> [What to work on] The answer is the data below, repeated exactly, with no pictures included.

> [Data]
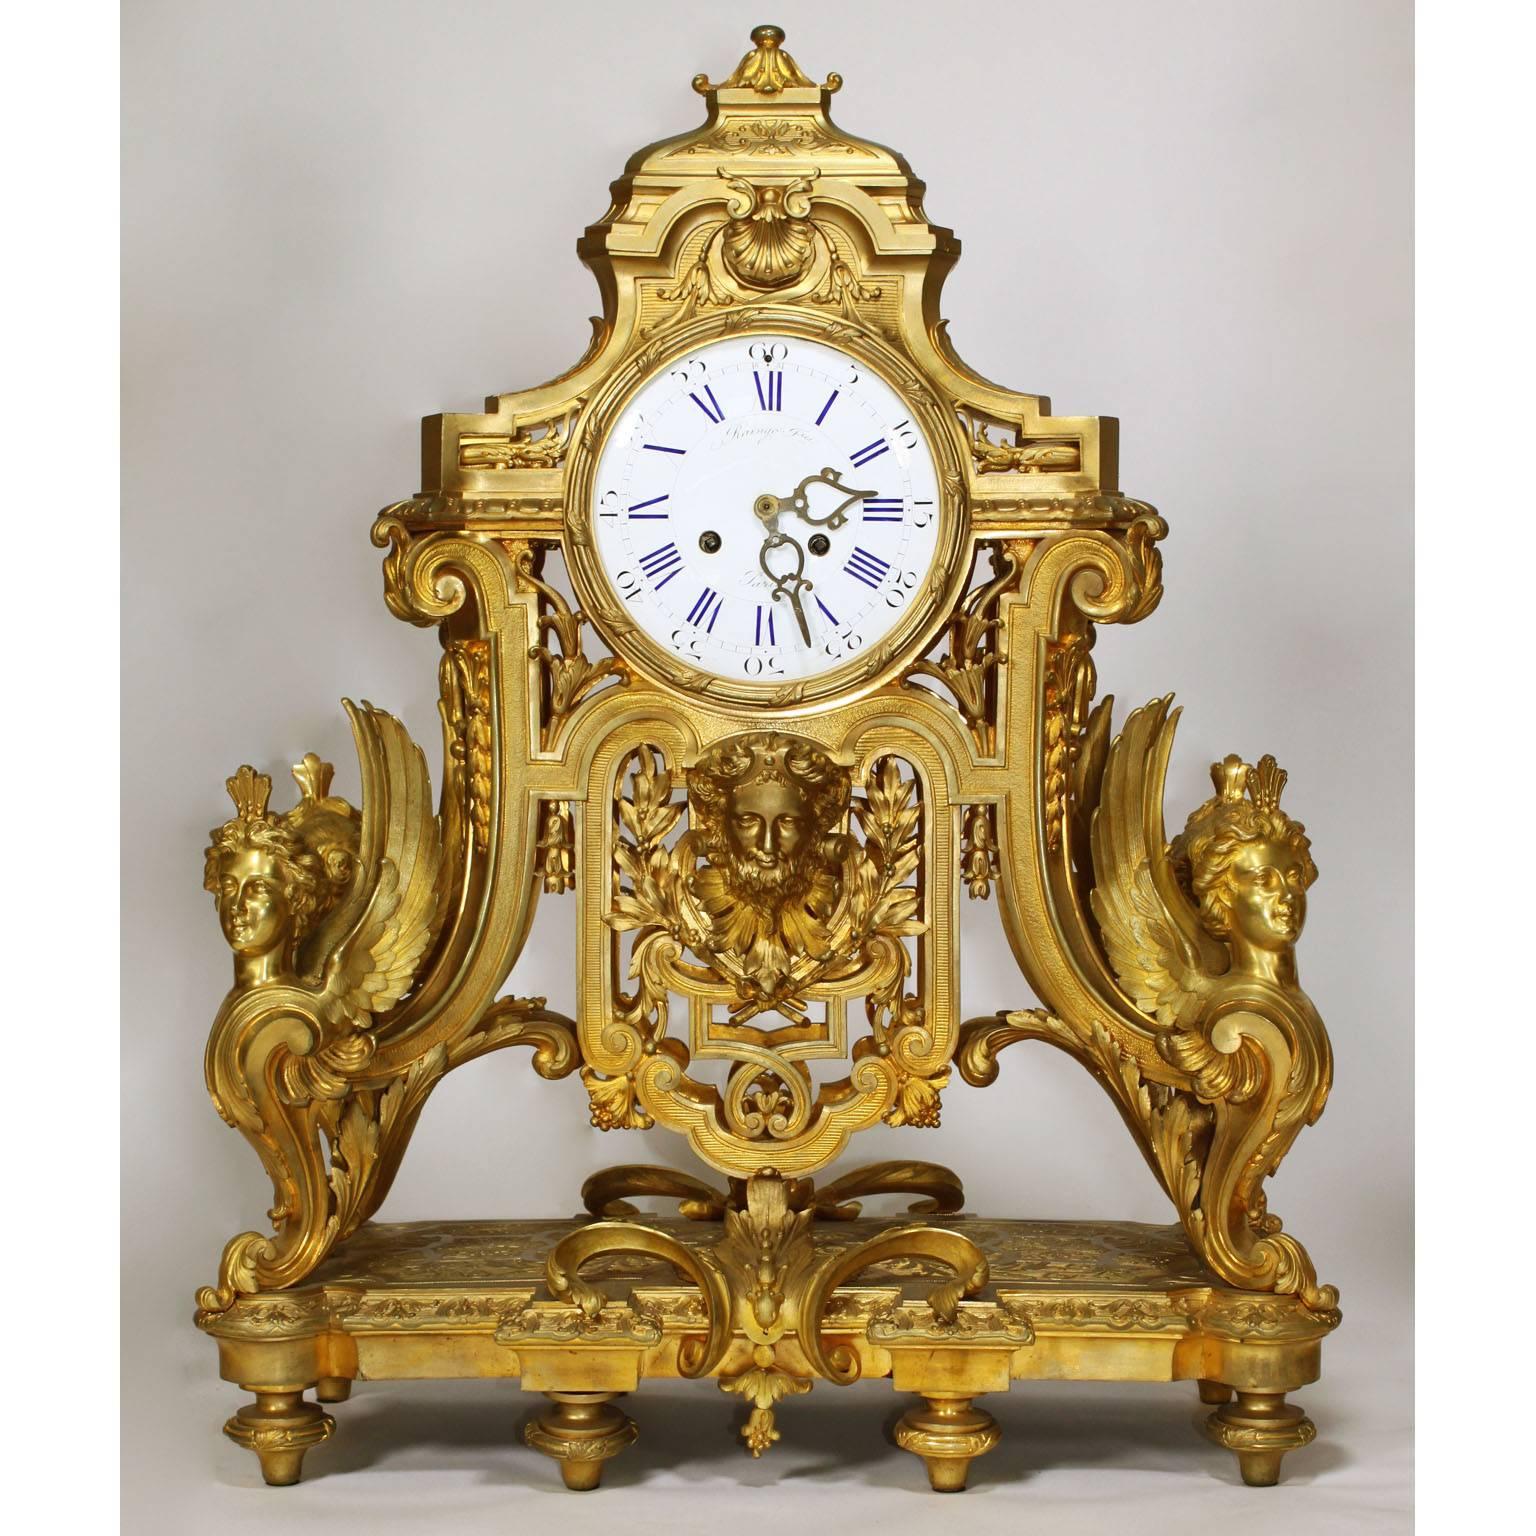 Eine sehr feine und palastartige französische Uhr- und Kandelaber-Garnitur im Stil Ludwigs XIV. des 19. Jahrhunderts, bestehend aus einer Uhr aus vergoldeter Bronze und einem Paar zehnflammiger Kandelaber. Die fein ziselierte Uhr aus vergoldeter
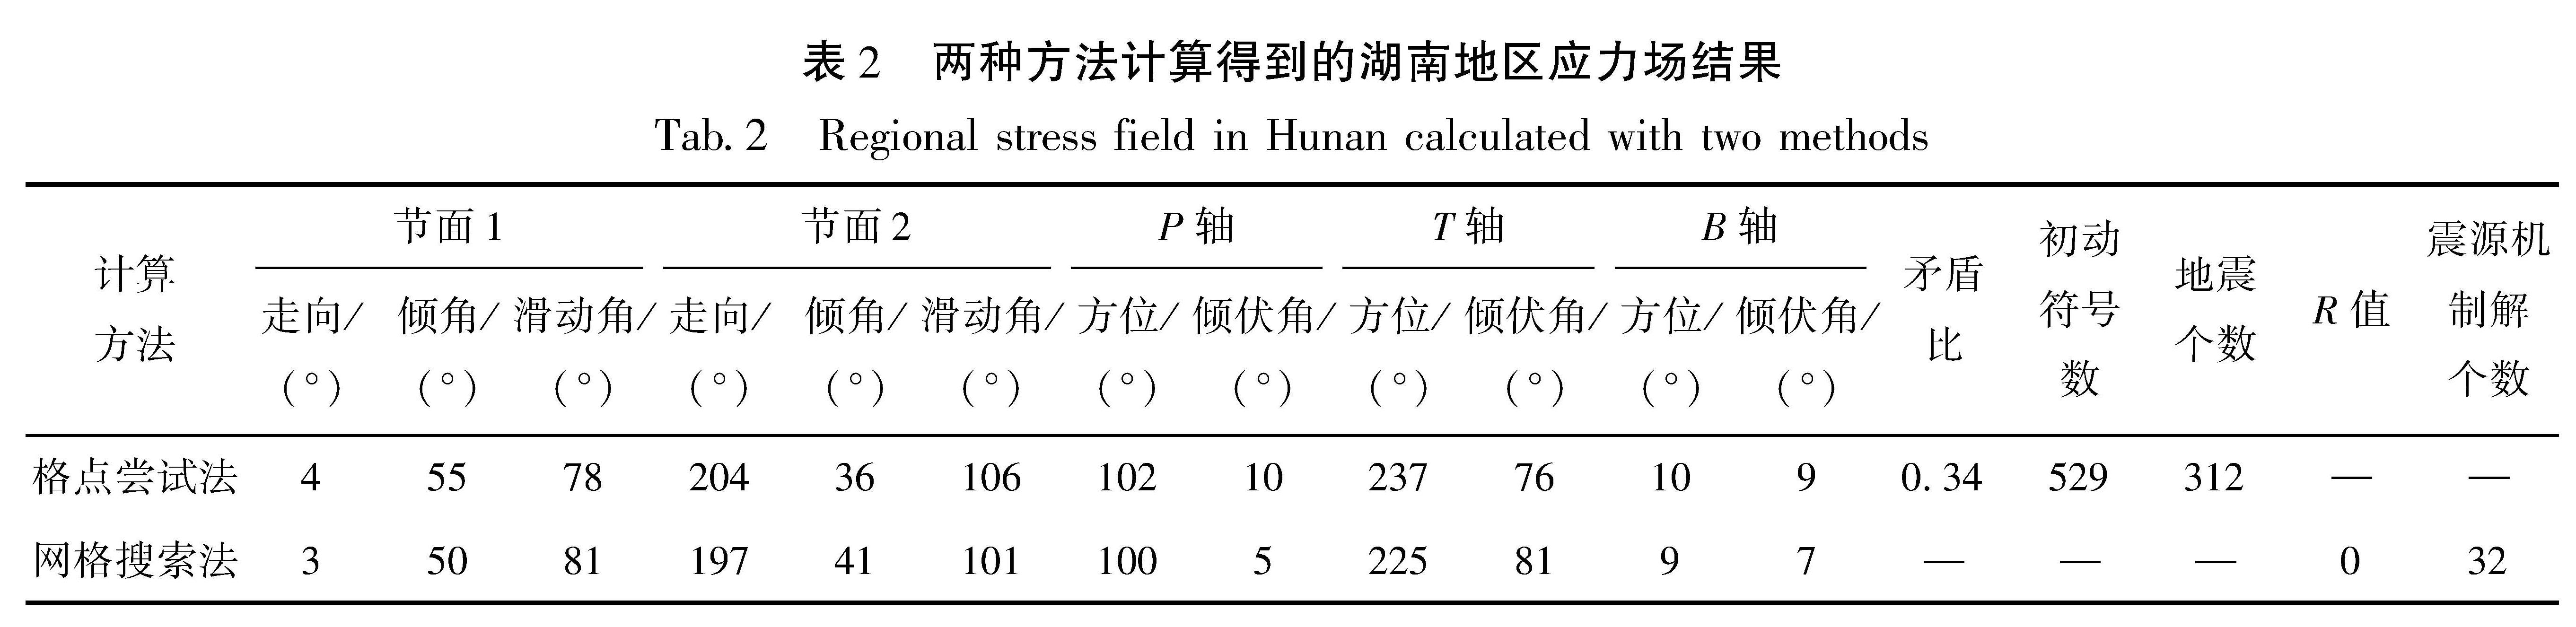 表2 两种方法计算得到的湖南地区应力场结果<br/>Tab.2 Regional stress field in Hunan calculated with two methods
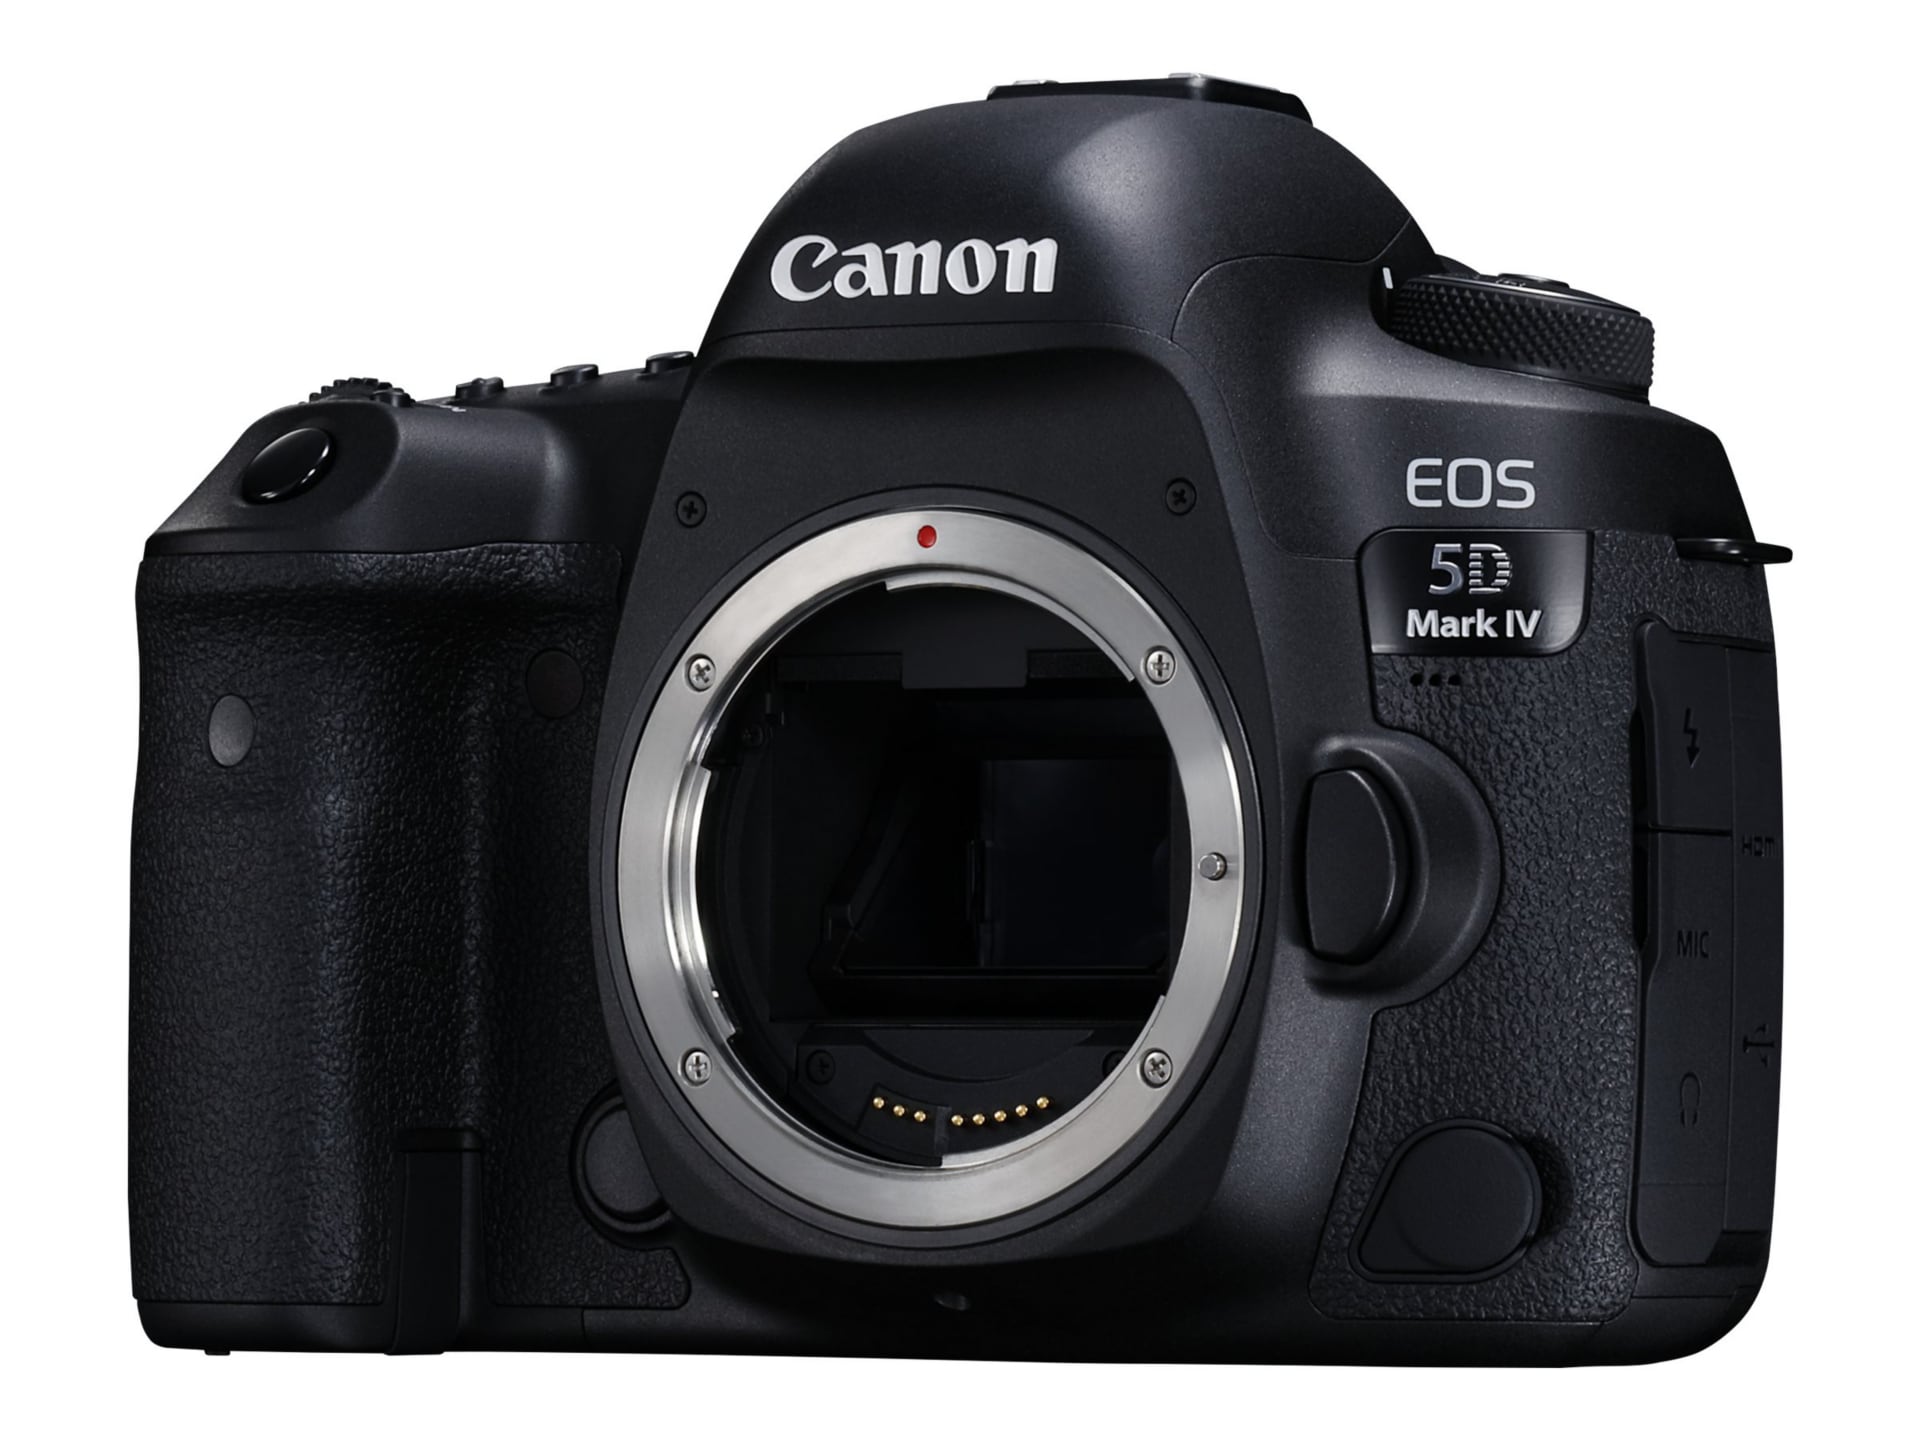 EOS 5D Mark - - body only - 1483C002 - Cameras - CDW.com
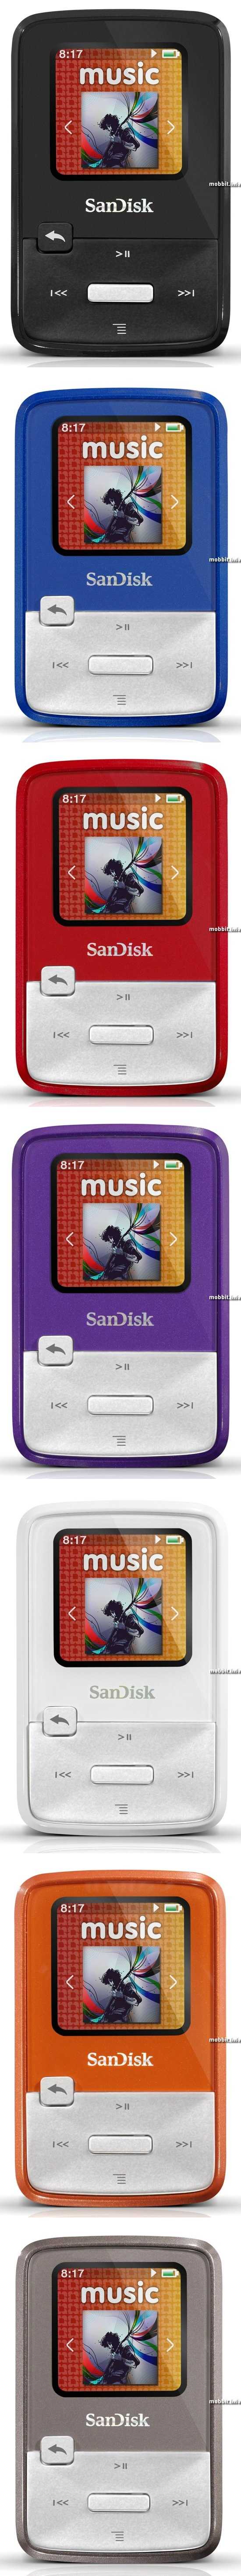 Sandisk sansa clip zip 4gb - купить , скидки, цена, отзывы, обзор, характеристики - mp3 плееры

> [Answer box]
 Eine sehr feine und palastartige französische Uhr- und Kandelaber-Garnitur im Stil Ludwigs XIV. des 19. Jahrhunderts, bestehend aus einer Uhr aus vergoldeter Bronze und einem Paar zehnflammiger Kandelaber. Die fein ziselierte Uhr aus vergoldeter
 表2 两种方法计算得到的湖南地区应力场结果<br/>Tab.2 Regional stress field in Hunan calculated with two methods
 EOS 5D Mark - - body only - 1483C002 - Cameras - CDW.com
 Sandisk sansa clip zip 4gb - купить , скидки, цена, отзывы, обзор, характеристики - mp3 плееры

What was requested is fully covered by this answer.